Brachirus panoides, commonly known as the freshwater sole, and river sole is a species of sole in the family Soleidae.

==Description==
A freshwater fish with an elongated, oval-shaped body. The small eyes are widely spaced, and the mouth is small with clearly tubular nostrils. Almost all fins are continuous along the body, with very small pectoral fins. The lateral line runs straight along the entire length of the body, marked with 6–7 dark vertical bars. The dorsal side is dark brown with several large dark blotches near the dorsal and anal fins. The fins have pale margins with scattered dark speckles, while the ventral side is white.

==Distribution==
Occurs on the bottom of freshwater habitats in the central and northeastern plains of Thailand, as well as in the Mekong, particularly near its estuary into the sea.

==Size==
The average length is about 15 cm, with the largest recorded specimen reaching 30 cm. It is the largest sole species of the genus Brachirus recorded in Thailand.

==Uses==
In the past, Thai people living by the rivers used this fish, which belongs to a group commonly called pla lin ma (ปลาลิ้นหมา, /th/, lit. 'dog tongue fish') in Thai and includes species known as pla lin khwai (ปลาลิ้นควาย, /th/, lit. 'buffalo tongue fish'), pla lin suea (ปลาลิ้นเสือ, /th/, lit. 'tiger tongue fish'), pla bai mai (ปลาใบไม้, /th/, lit. 'leaf fish'), or pla ta diao (ปลาตาเดียว, /th/, lit. 'monocle fish') named after their distinctive features, as an indicator of water quality.
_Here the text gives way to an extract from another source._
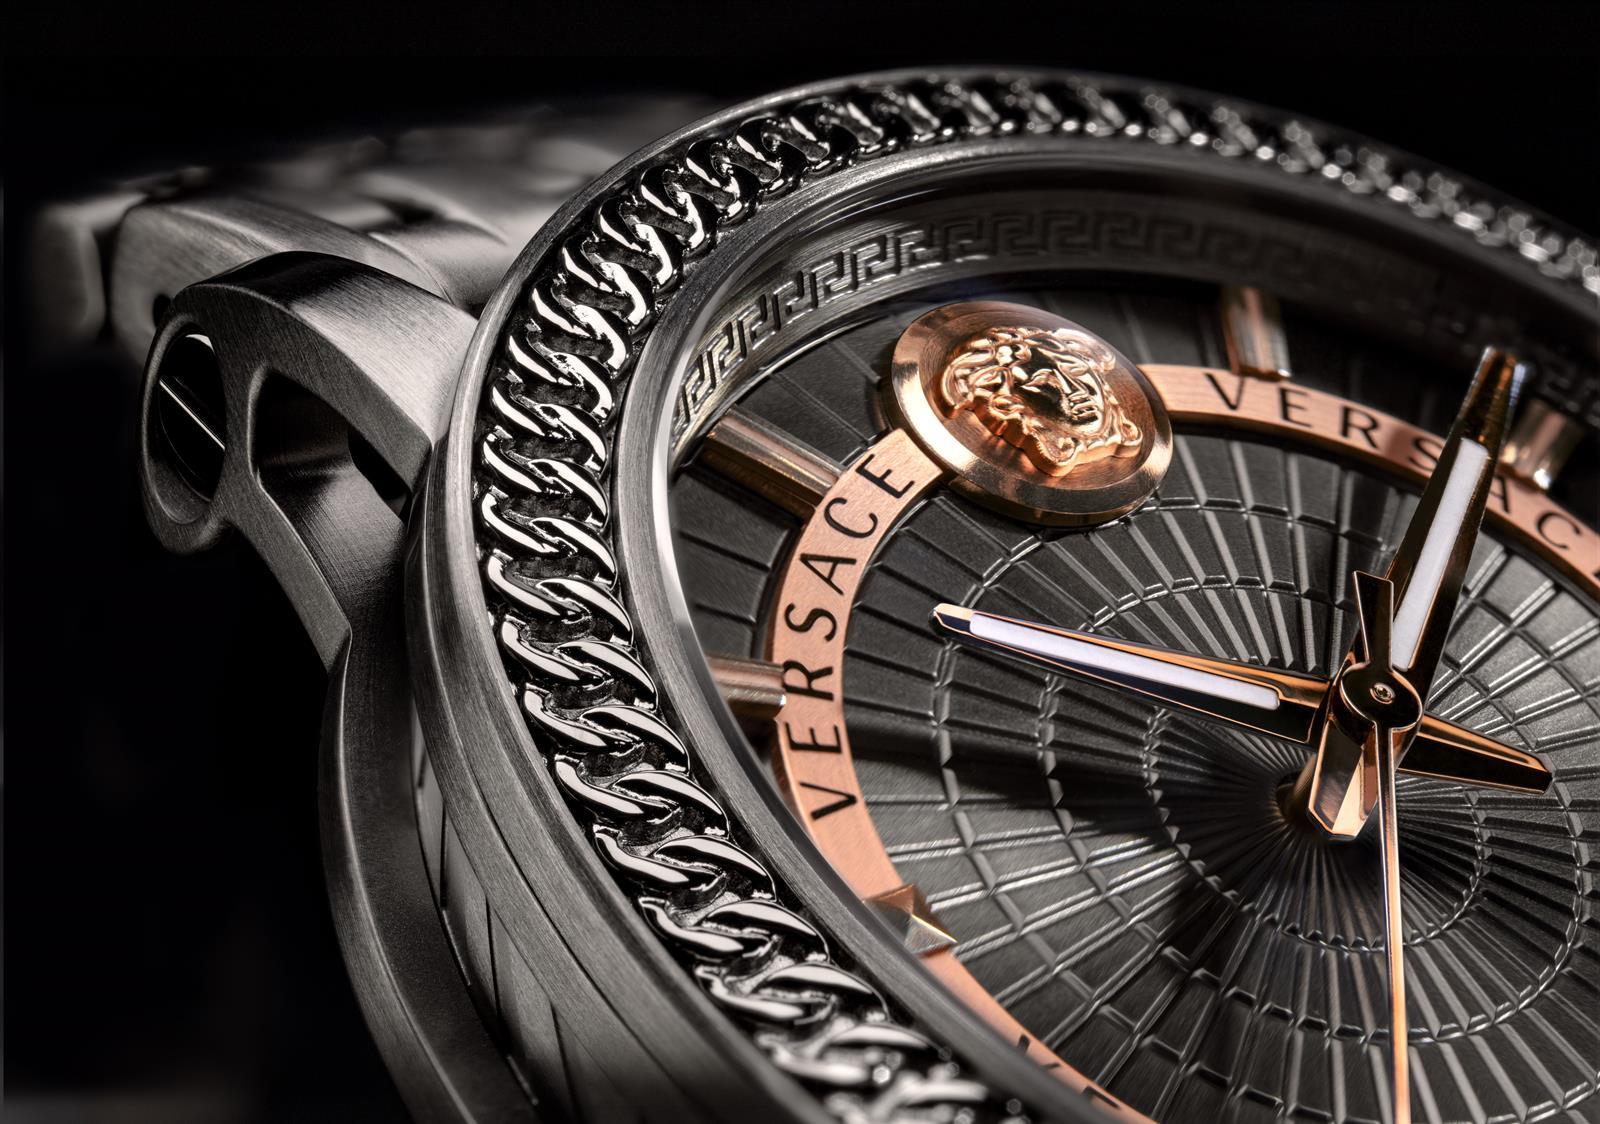 nuovo orologio versace

When these fish floated to the surface, it signaled that the water was becoming polluted, prompting locals to quickly store water for use. It is also noted that these fish can produce sounds resembling "aud aud aud". In the era when nature was still abundant, some riverside communities were filled with this distinctive croaking sound during the night. Many people were unaware that these fish could make noises. Sometimes, they could be seen clinging to house pillars or under boat hulls.

The fish is commonly consumed in dried form, sold in local markets of the central plains region of Thailand. It is also collected from the wild for the aquarium fish trade. The Chai Nat Inland Fisheries Research and Development Center has been involved in breeding this species.